In [1]:
import pandas as pd
import numpy as np
from equivariant_projected_diffusion import ClimbsFeatureArray

### So my attempt at a "Simple" Diffusion model might not have gone entirely to plan.

There are a few mistakes with this 'simple' architecture that make it painfully inefficient to train.

1. **Flattening the Sequence Data**: By flattening the input data into a single vector of length 243, I've destroyed information: The DDPM will not know at the outset that the 'hold 1 features' [0-11] are *distinct* from the 'hold 2 features' [12-13], etc. I didn't realize that DDPMs could automatically handle sequence data, but it turns out there are multiple paradigms for accomplishing just that, such as **U-Nets** and **Transformer DDPMs**. It's better to keep my data sequential than flatten it out into a single vector.
2. **Appending Conditional Features**: The features **grade**, **rating**, and **ascents** are not really things we need the diffusion model to recreate. Rather, they represent *conditions* which we should be able to apply to the DDPM to generate different climbs. Conditional features are usually passed to the diffusion model separately, via **Cross-Attention** (Transformers) or **Adaptive Group Normalization** (U-Nets). I should separate mine from the climb features.
3. **Null Hold Padding**: Okay, both Claude and Gemini called me out for this, but I think they're overreacting. The issue they're pointing out is that because I've zero-centered my climbs at the start holds, *both the start holds and the null holds have position [0,0,0]*. As a result, the concern is that my model will confuse the two. Now, in truth, the start holds have a nono-zero **pull-value**, making them fairly distinct from the Null holds. However, I can see merit in setting the position of the null holds to [-10,-10,-10] or something similar.
4. **'Normalizing' X,Y to [-1,1]**: Okay, this one I should have caught immediately. When converting my position to 3d coordinates, I perform a linear transformation on the **X** and **Y** coordinates to create the new **X**, **Y**, and **Z** coordinates. This means that **I can't move the origin** before applying this transformation. It will mess it right up! So I'll have to rescale these climbs *after* converting them into the feature space.
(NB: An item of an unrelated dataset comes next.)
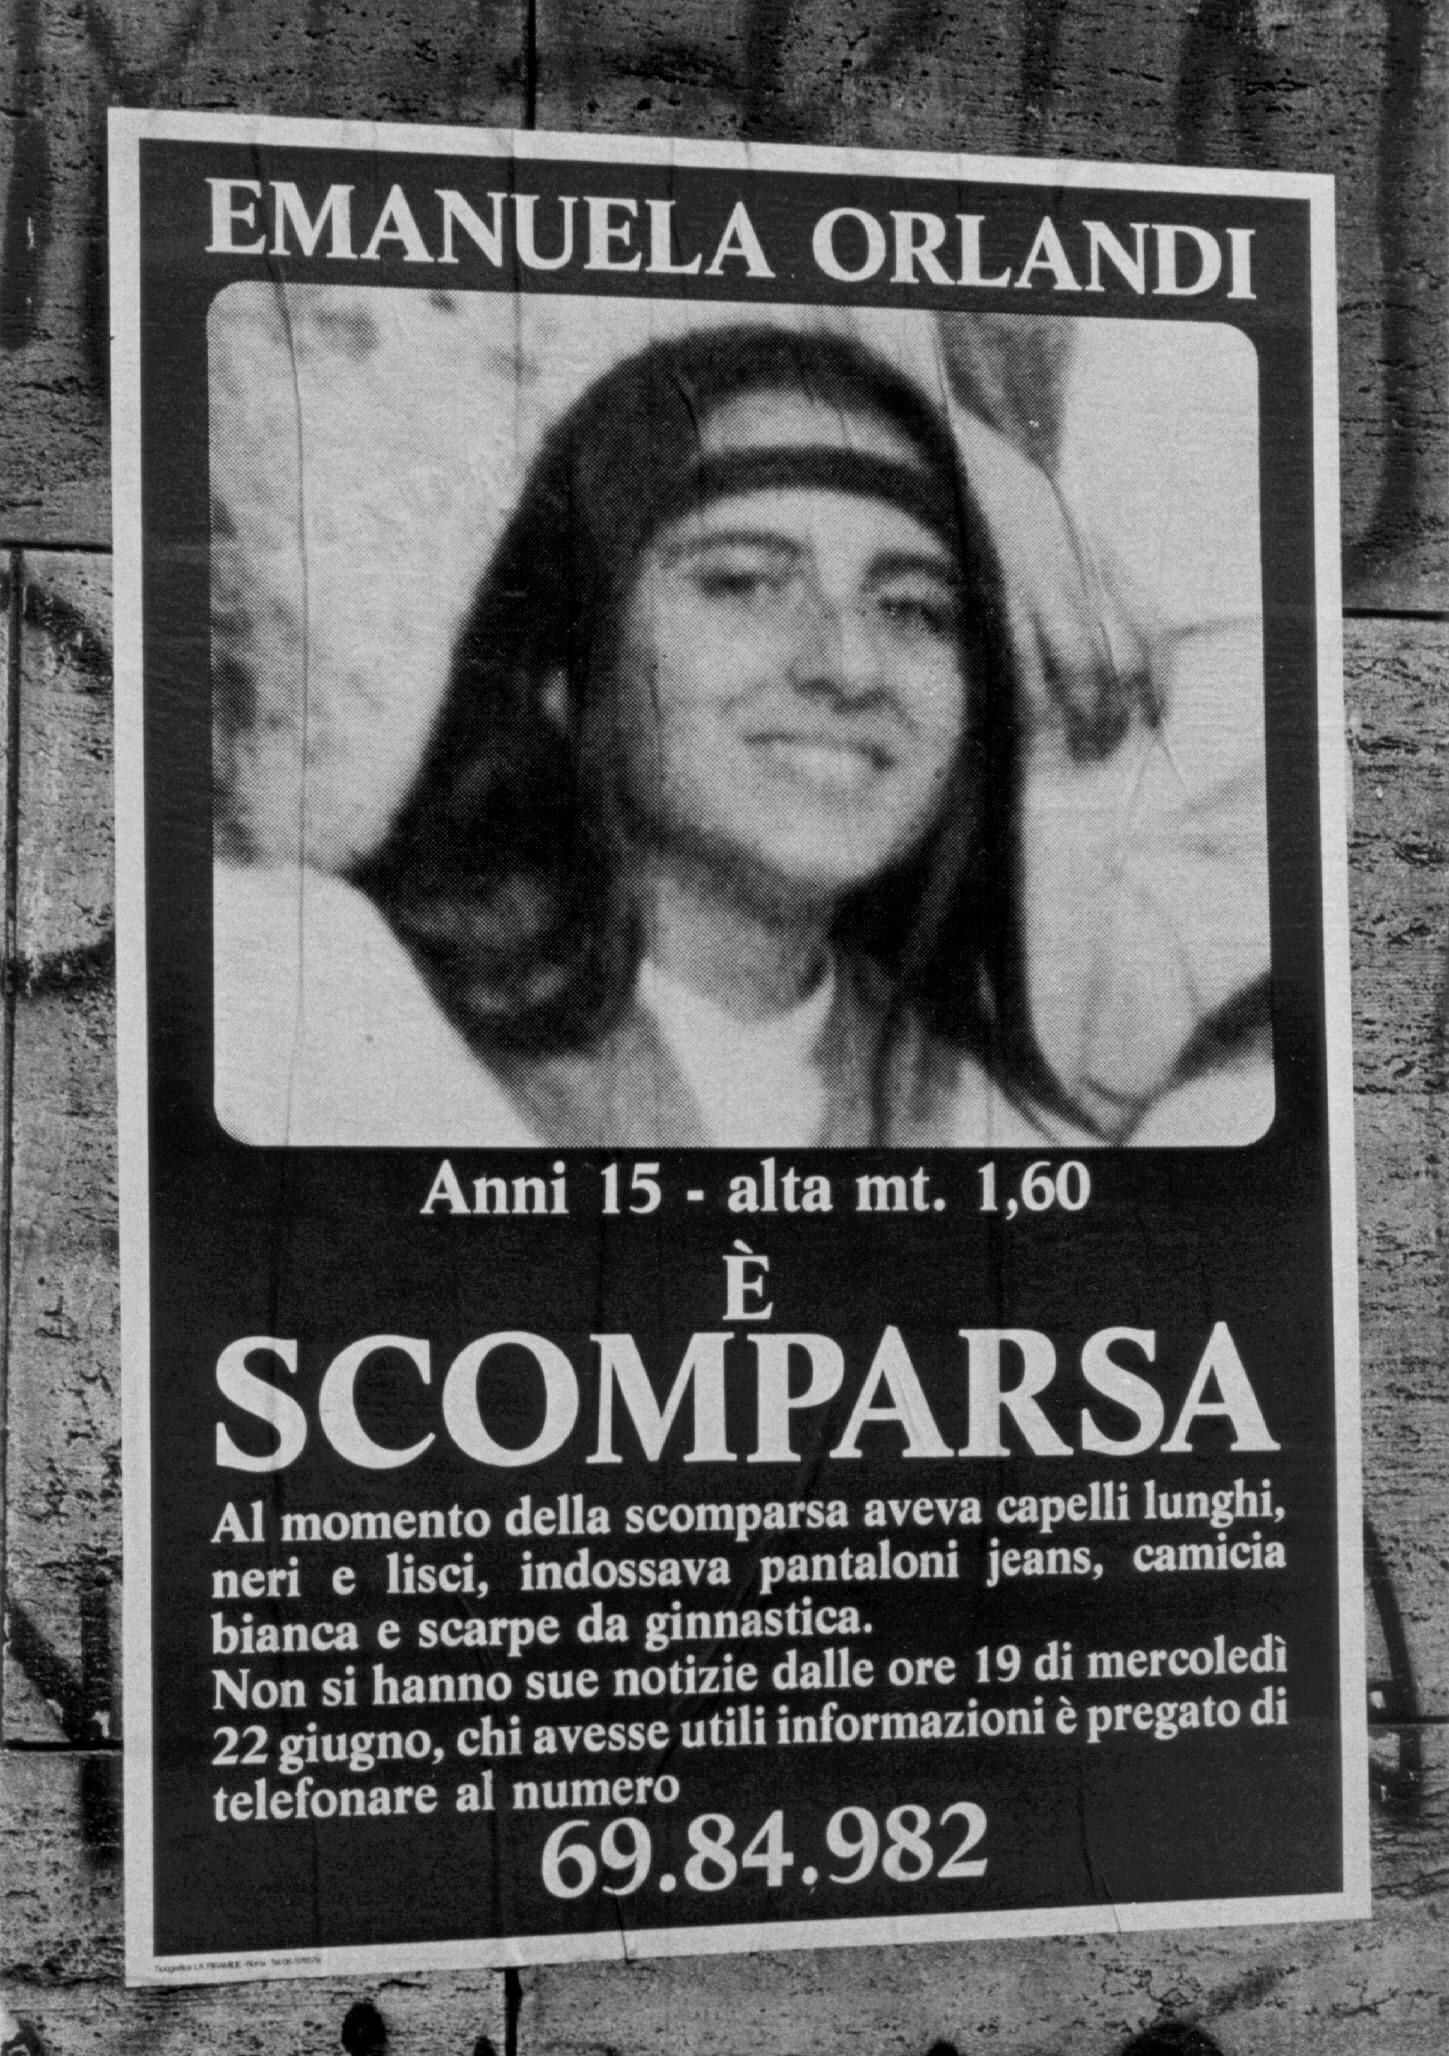 Emanuela Orlandi, la adolescente cuyos huesos podrían develar un caso de corrupción, abuso de menores y mafia en el Vaticano

### I suspect that when using DAS, it is perhaps useful to distinguish between the "Discrete Absorbing State" Null, and the Null used to represent null holds, i.e. sequence padding. Why?

Imagine you have the following starting sequence: $[A, B, Null, Null]$. You perform the forward discrete diffusion process onto it, resulting in the following steps: $$1. [A, B, Null, Null]\rightarrow2. [A, Null, Null, Null] \rightarrow 3. [Null, Null, Null, Null]$$ Now imagine what this process might look like if we encode "No hold" and "discrete absorbing null" separately (Here I'll use $\Phi$ to represent the DAS. $$1. [A, B, Null, Null] \rightarrow 2. [A, \Phi, \Phi, Null] \rightarrow 4. [\Phi, \Phi, \Phi, \Phi]$$ Now consider this. If we ask the denoising model to remove the noise from step **2** in each process, is it performing the same task in both cases?

**No!** The Denoising model actually has *extra information about our original dataset* in version 2. It knows for a fact that element 4 is $Null$. Thus, differentiating the "True Null" from the "Discrete Absorbing State Null" gives our model extra information which it can use to improve its predictions during training!